Intervention de Sébastien Nadot (Écologie

Réunion du lundi 14 septembre 2020 à 14h00
Commission des affaires économiques

Sébastien Nadot (Écologie, Démocratie, Solidarités) :

Merci.

La communauté de la science et de la recherche attendait avec impatience ce projet de loi de programmation de la recherche. C'est donc avec satisfaction et intérêt que le groupe EDS souhaite apporter sa contribution à l'examen de ce texte.

Dans cet esprit, nous avons déposé plus d'une cinquantaine d'amendements pour l'examen en commission des affaires culturelles et de l'éducation. Ce travail a été conduit en étroite collaboration avec les acteurs de la recherche et de l'enseignement supérieur, qui ont pu nous alerter sur plusieurs points.

La trajectoire budgétaire qui structure ce texte sur une période inhabituellement longue ne correspond pas à un exercice budgétaire sincère, et ne correspond pas davantage aux enjeux du secteur ni aux réalités économiques et politiques de notre pays. Ramener la périodisation du projet de loi à 2027 s'impose à nos yeux. C'est ce que réclame l'ensemble des acteurs de la recherche du pays et ce que laisse entendre fortement le Conseil d'État dans son avis. De nombreux amendements émanant de plusieurs groupes parlementaires ont été déposés en ce sens. Il est important que le Gouvernement et la majorité ne s'opposent pas à cette amélioration cruciale du texte.

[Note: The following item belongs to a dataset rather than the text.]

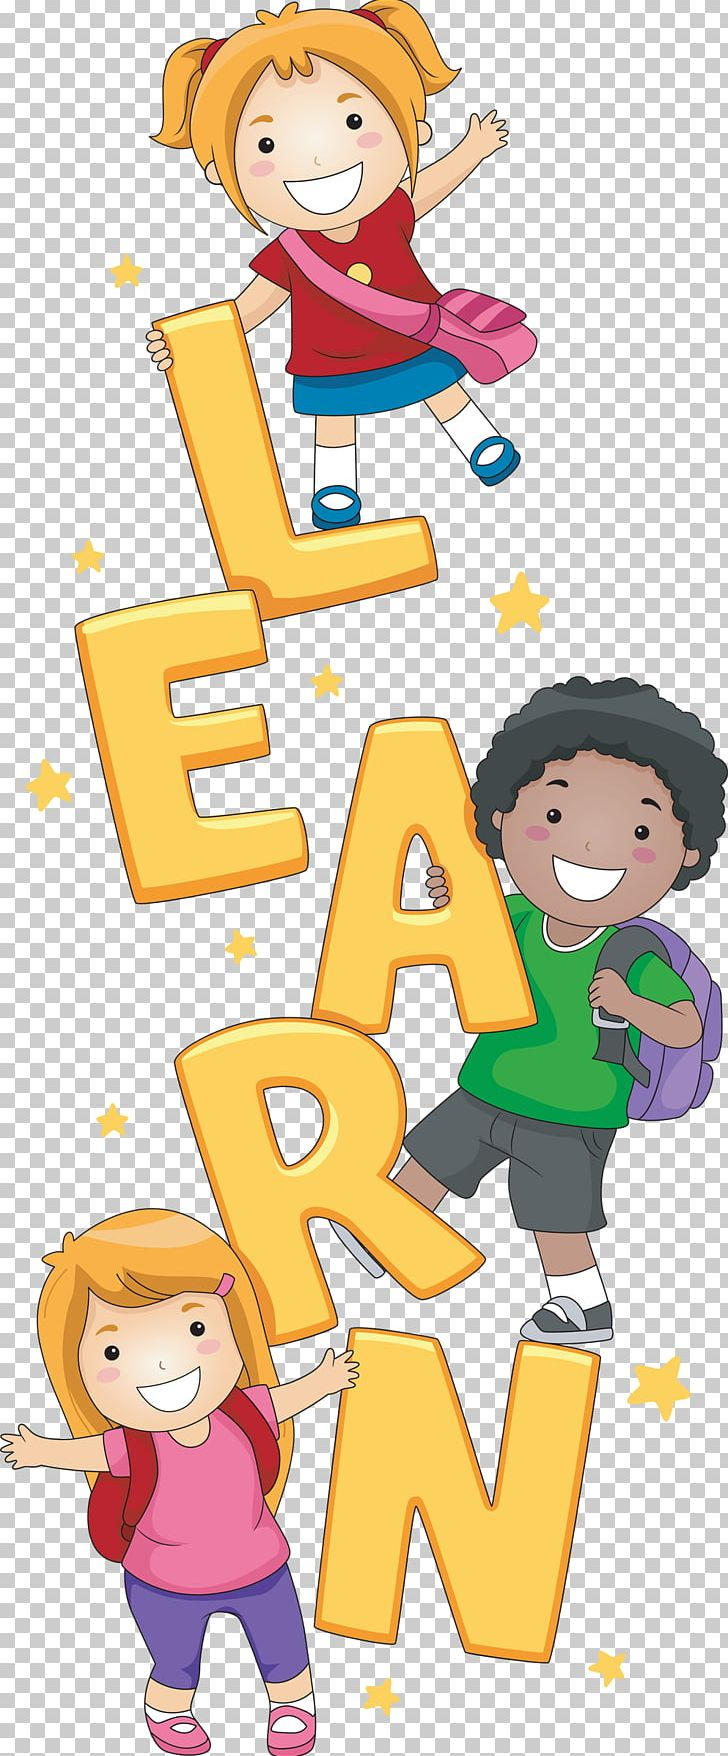 Parent Child Learning Education PNG, Clipart, Area, Art, Artwork.

L'effort budgétaire doit par ailleurs se concentrer en début de période. Nous saluons à cet égard l'effort budgétaire consacré à la recherche par le plan de relance. Les annonces du Premier ministre devront, bien entendu, être suivies d'actes.

Le texte semble oublier les principaux acteurs de la recherche en France que sont les maîtres de conférences et les personnels administratifs. Rien sur l'articulation essentielle entre recherche et enseignement supérieur ! C'est un non-sens économique.

Concernant les nouveaux dispositifs de recrutement, l'étude d'impact ne permet pas d'émettre un avis fondé, en particulier sur le système de tenure track. Ce modèle d'inspiration anglo-saxonne semble ici plaqué sur le système français sans réflexion sur la cohérence d'ensemble. En tout cas, l'étude d'impact ne fournit pas d'éléments permettant de préciser les choses. La précarisation et la discrimination des femmes, que l'on constate dans les pays où existe ce système, ne semblent pas prises en compte dans le projet de loi. Plusieurs groupes parlementaires demandent la suppression de l'article 3. Nous espérons que le Gouvernement et la majorité comprendront qu'en l'état, l'introduction du système de tenure track en France est précipitée. Le projet de loi n'apporte pas de garanties suffisantes contre la précarisation et les effets de discrimination à l'encontre des femmes chercheurs. La mise en cohérence du dispositif avec la voie principale de recrutement par concours des enseignants-chercheurs n'est pas démontrée, voire ignorée.

La France, avec ses 28 % de femmes chercheuses, se situe sous la moyenne européenne à 33 %. Or ce texte ne comporte aucune invitation à une transformation vers l'égalité femmes-hommes dans le monde de la recherche.

Enfin, il manque une réflexion stratégique poussée sur les grands programmes de recherche. Quels sont les grands programmes à engager ou à accélérer ? Quels sont les programmes jugés non-prioritaires ? Pour une loi de programmation, une telle lacune ne laisse pas de surprendre !

D'autres sujets tout aussi essentiels sont malheureusement absents de ce projet de loi de programmation. La spécificité des sciences humaines et sociales n'apparaît pas. Est-ce un projet de loi sur la recherche, ou seulement sur l'innovation ? Que peut et que doit faire la France face aux défis environnementaux pour remplir les objectifs de développement durable auxquels elle a souscrit ? Comment atteindre vraiment l'objectif de neutralité carbone à l'horizon 2050 du plan climat ? Comment la recherche française s'inscrira-t-elle dans celle de l'Europe et quel doit être son rayonnement mondial ? Voilà des questions auxquelles nous aurions aimé trouver des réponses dans le projet de loi.

Le groupe EDS considère qu'un substantiel travail d'amélioration de ce texte est nécessaire.